- Sunderland Stars Speedway Badge

Club information
- Track address: Sunderland Greyhound Stadium Newcastle Road East Boldon Durham
- Country: England
- Founded: 1971
- Closed: 1974

Club facts
- Colours: Red, white and gold
- Track size: 310 yards (280 m)

= Sunderland Stars =

British motorcycle speedway team

The Sunderland Stars were a motorcycle speedway team who raced at the Sunderland Greyhound Stadium from 1971 until 1974 in the British League Division Two.

== History ==
Speedway arrived in Sunderland for the 1964 Provincial Speedway League season under the promotion of Mike Parker.
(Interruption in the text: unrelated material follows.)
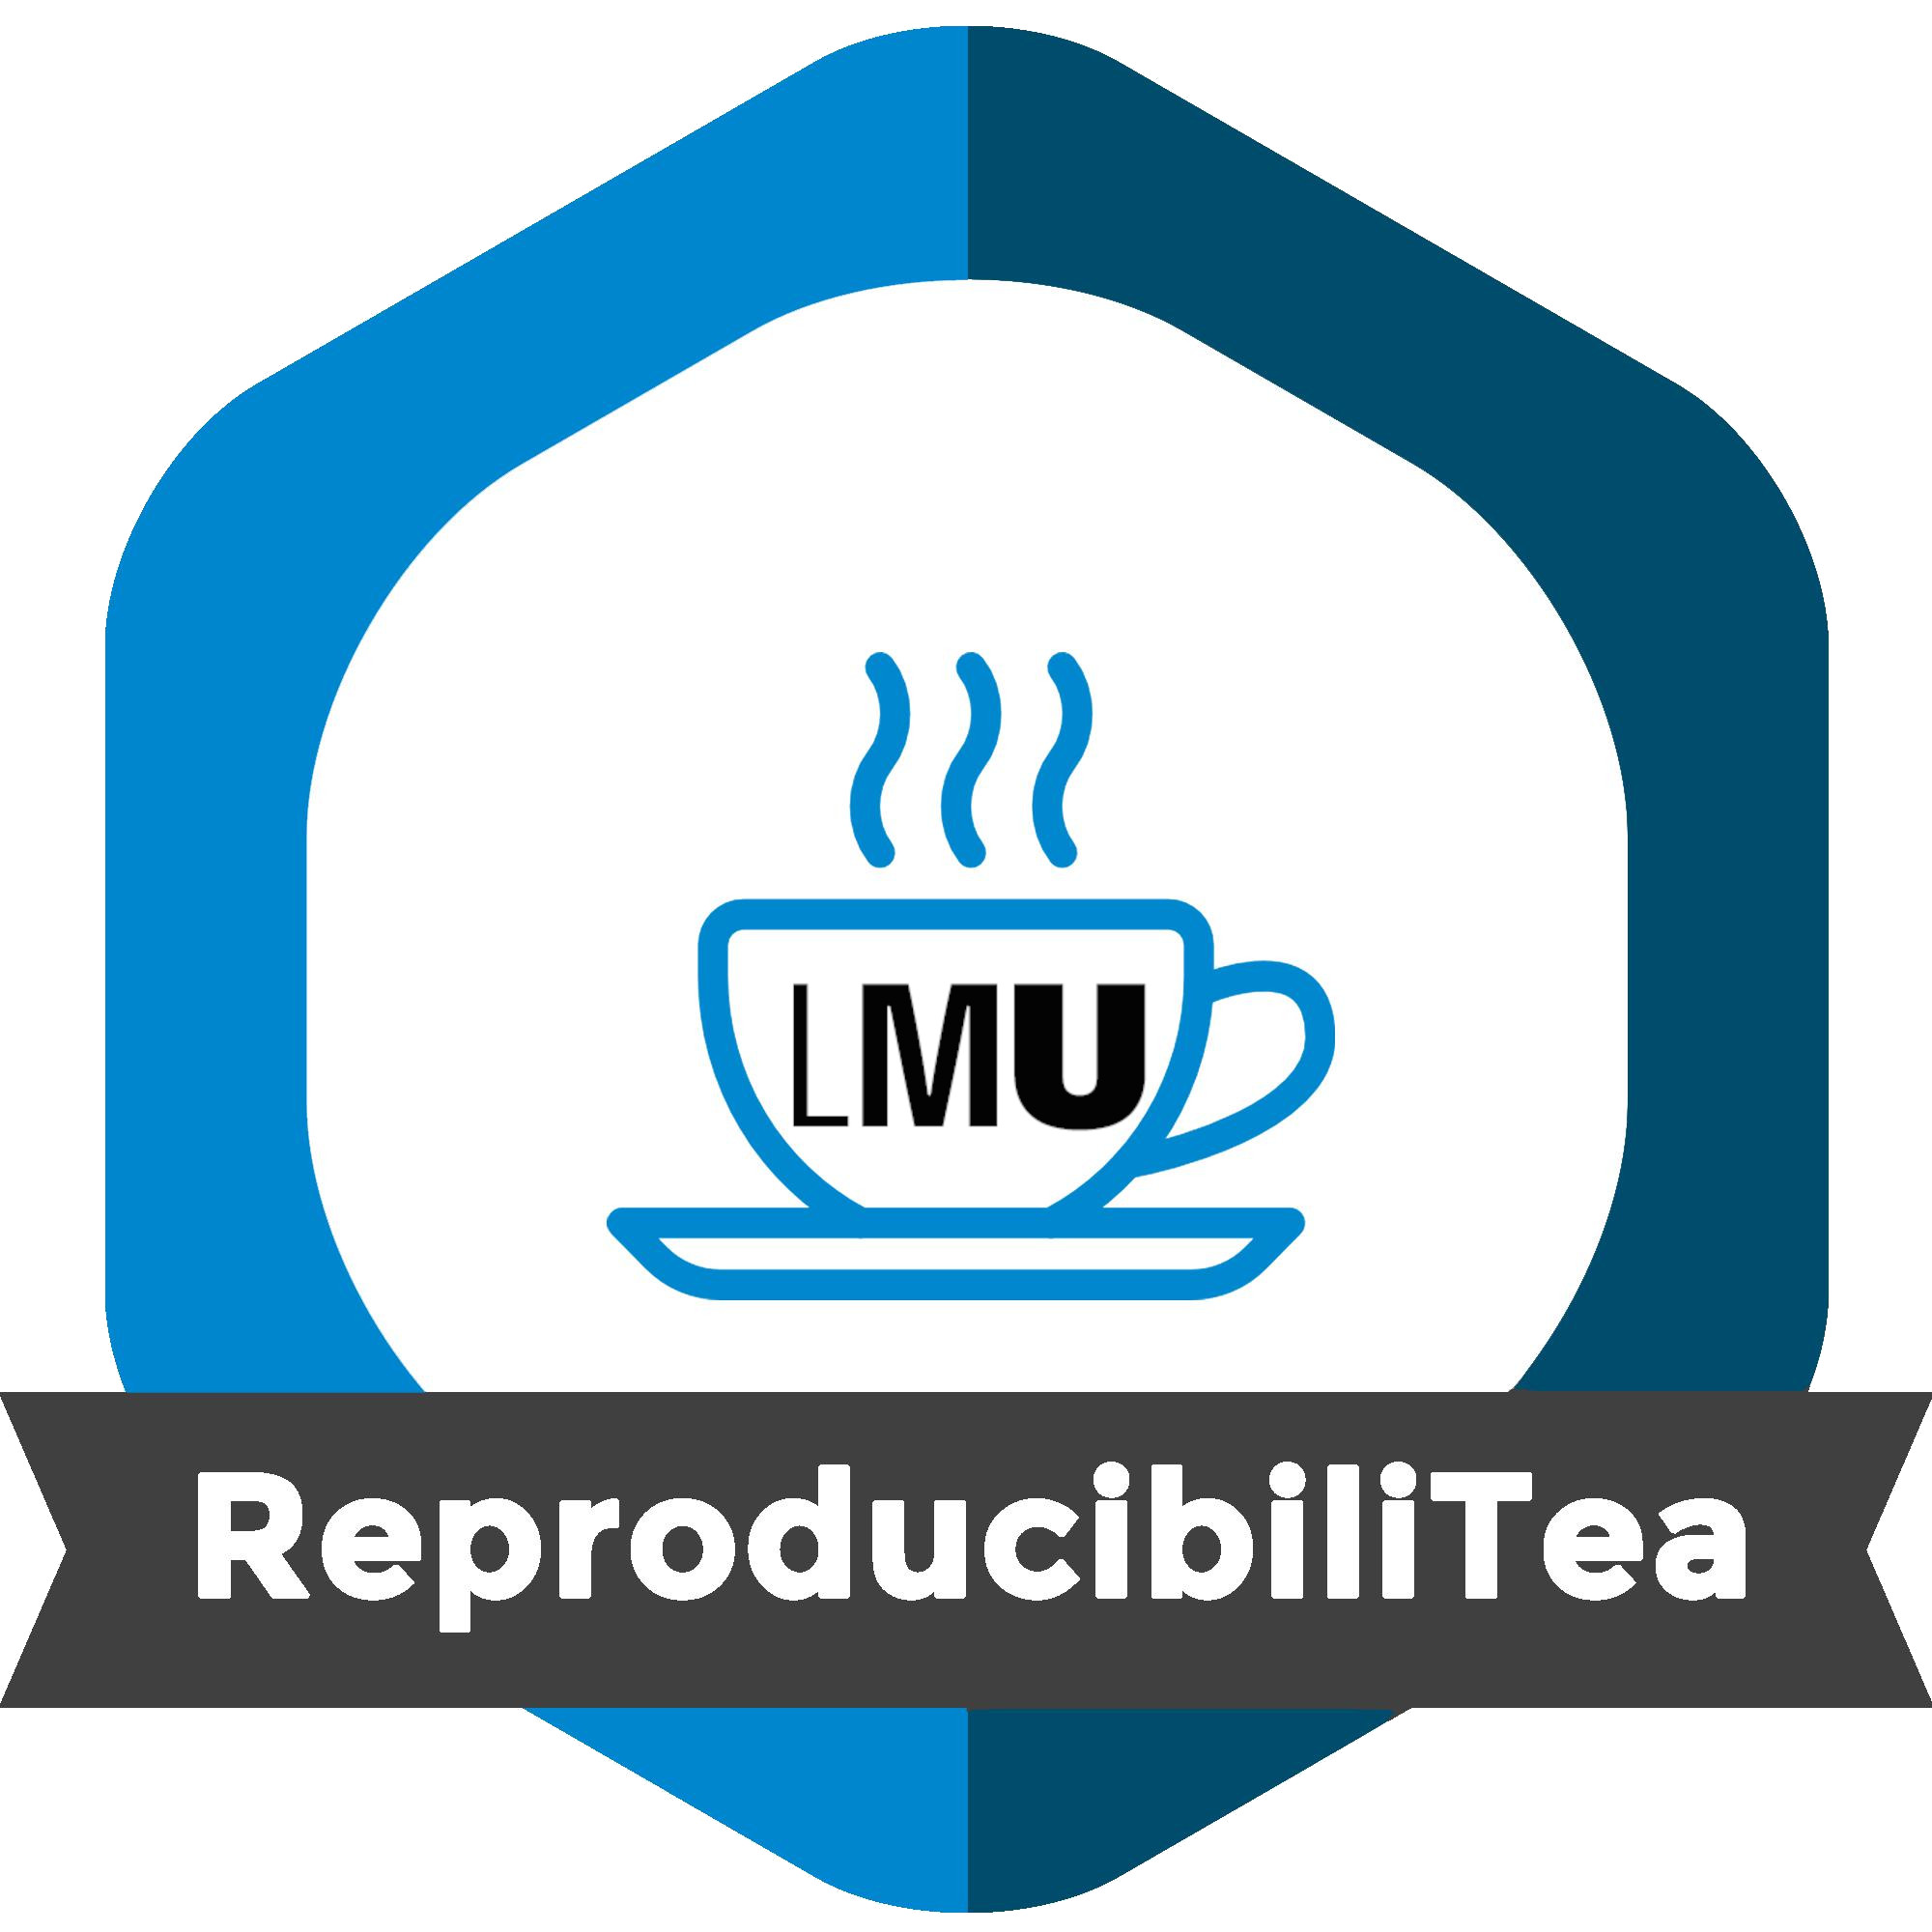 ReproducibiliTea_logo

The team was operational at the venue for part of one season only, when eight meetings were staged in 1964 under the "Saints" nickname. The Saints introduced Aussies Jim Airey and Gordon Guasco to British Speedway during 1964.

In 1971, Len Silver acting as promoter on behalf of Allied Presentations Ltd brought speedway back to Sunderland. The Stars competed in the 1971 British League Division Two season but finished 17th out of 17. This was followed by two seasons with 12th and 11th place finishes.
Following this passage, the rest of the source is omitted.